DATA BELOW:

——————

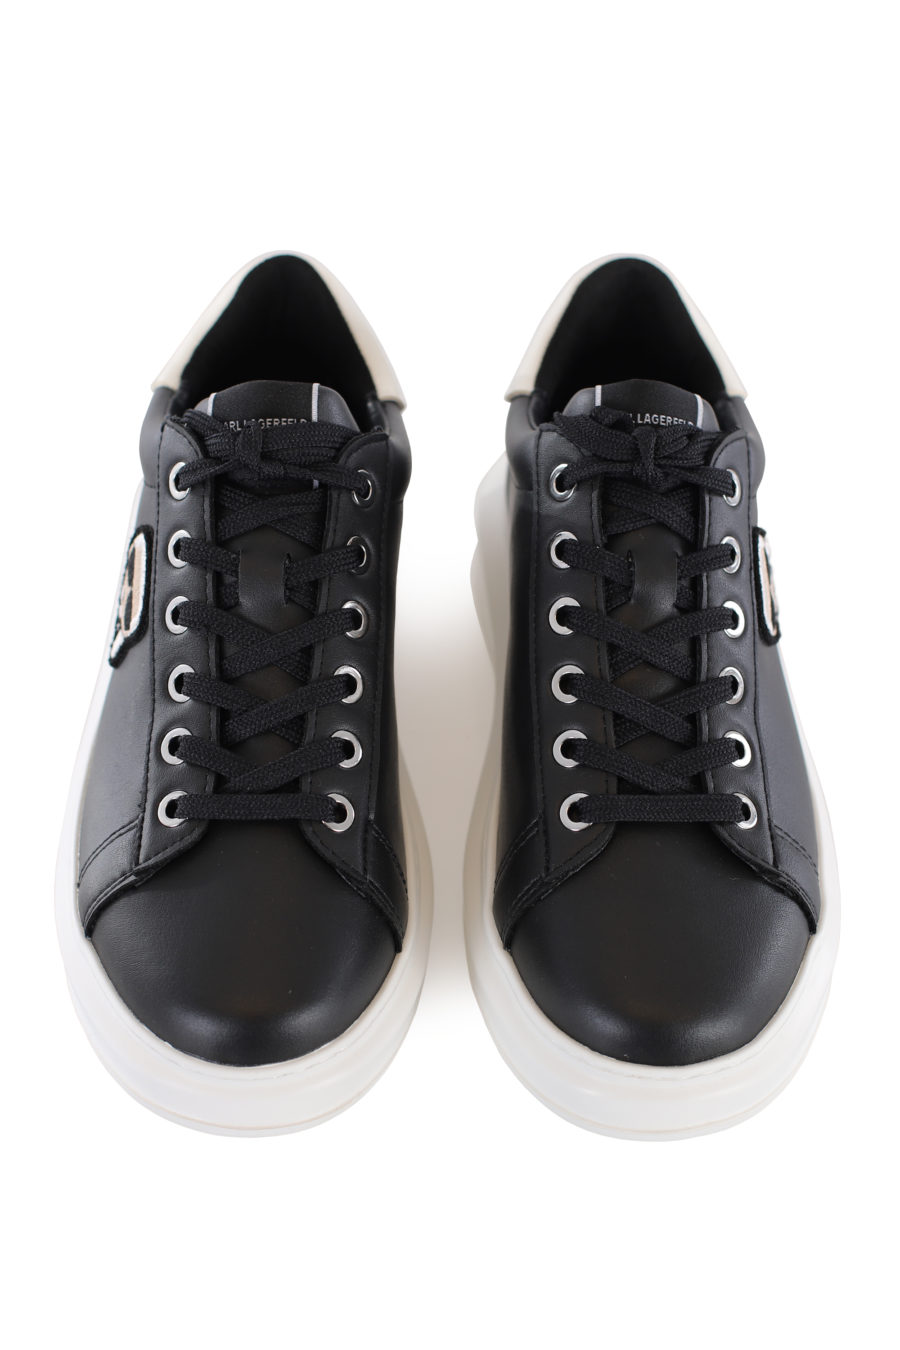 Zapatillas negras altas con parche - IMG 1659
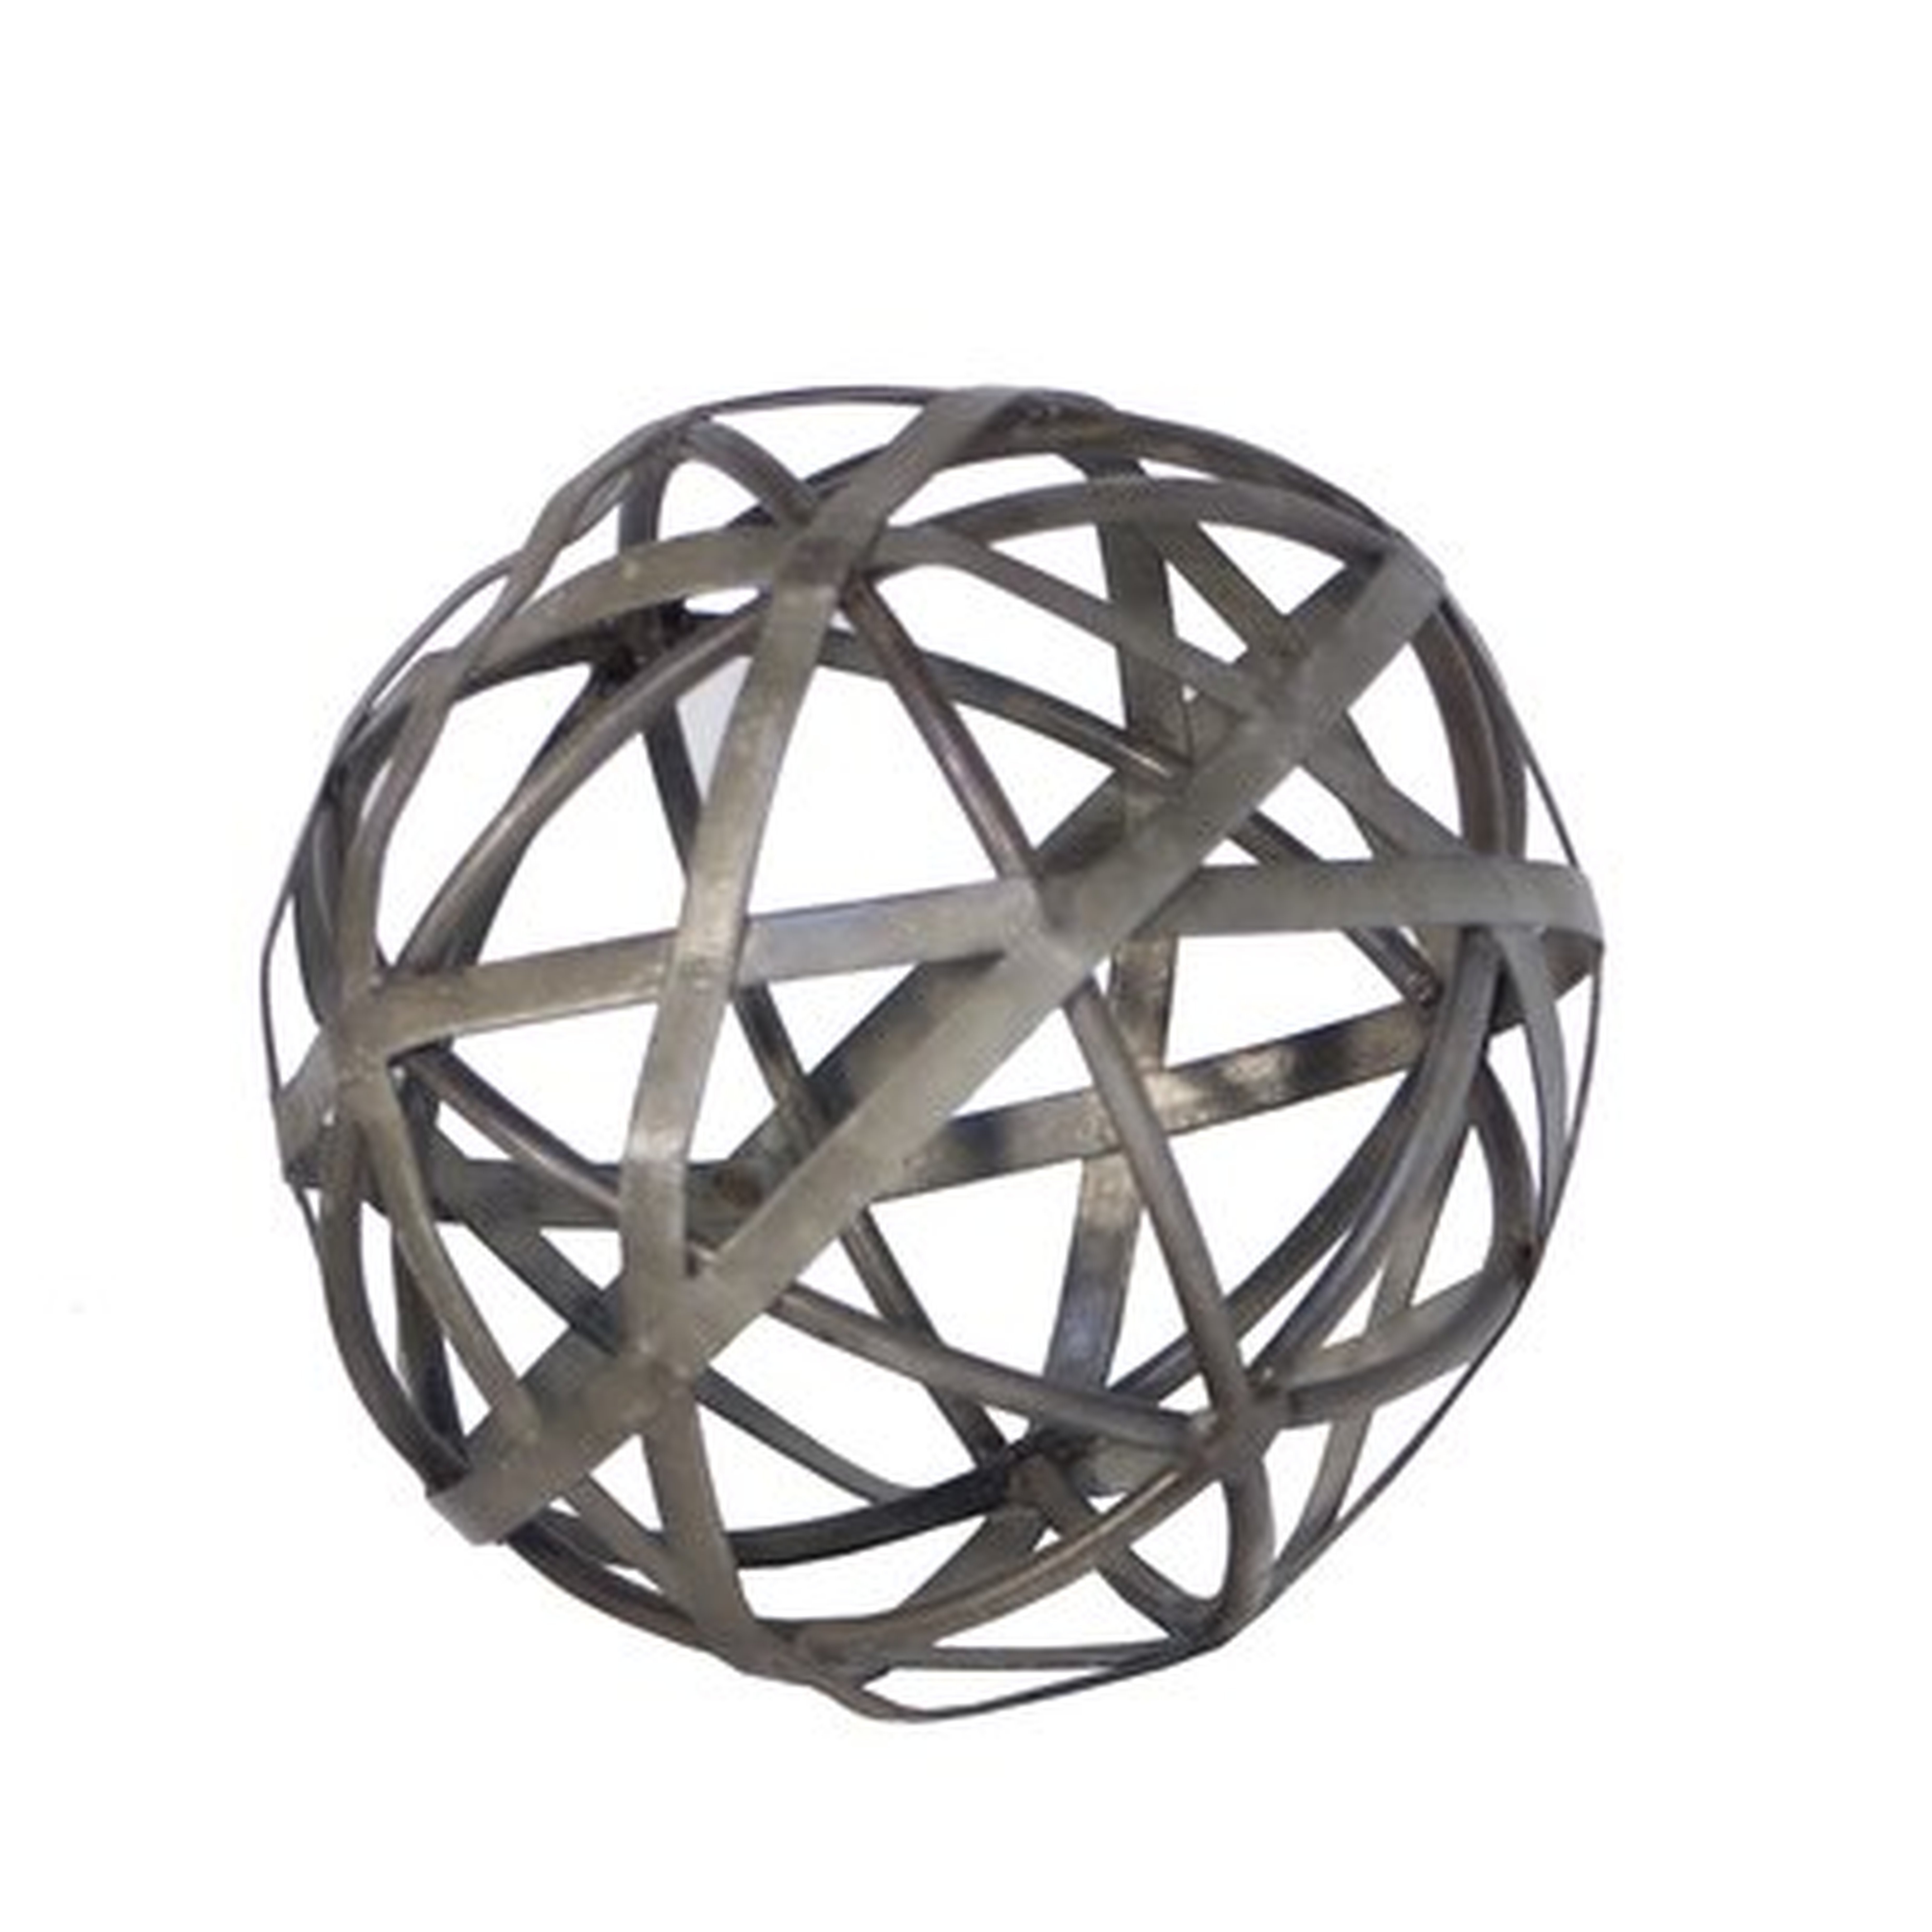 Grossi Galvanized Sphere Sculpture - Wayfair
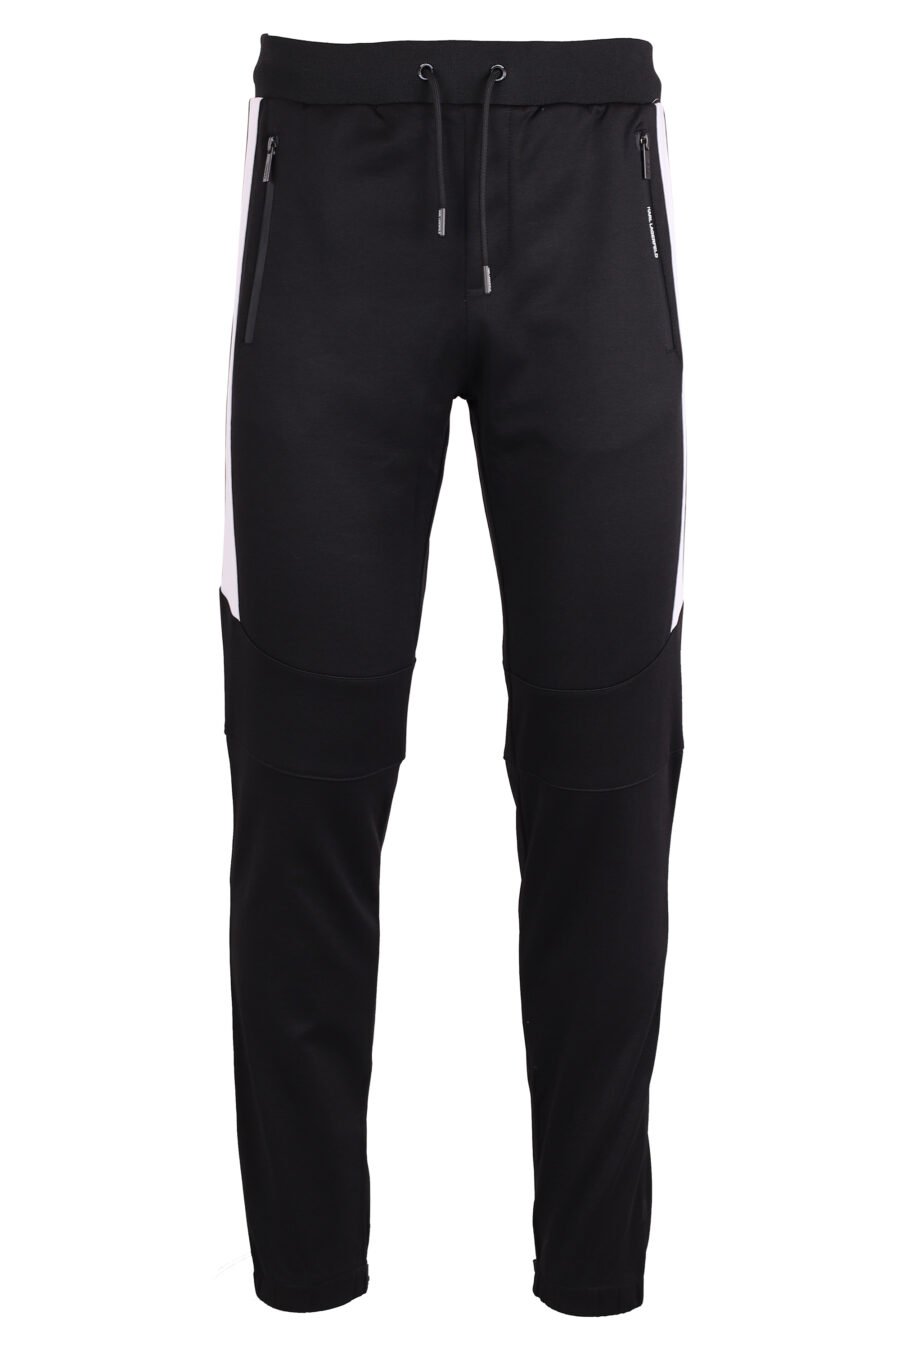 Pantalón de chandal negro con rayas blancas laterales - IMG 4379

——————

WORK ITEM: Reproduce the full listing verbatim so that only the pictures are missing.

TASK RESPONSE:
 Zapatillas negras altas con parche - IMG 1659
 Grossi Galvanized Sphere Sculpture - Wayfair
 Pantalón de chandal negro con rayas blancas laterales - IMG 4379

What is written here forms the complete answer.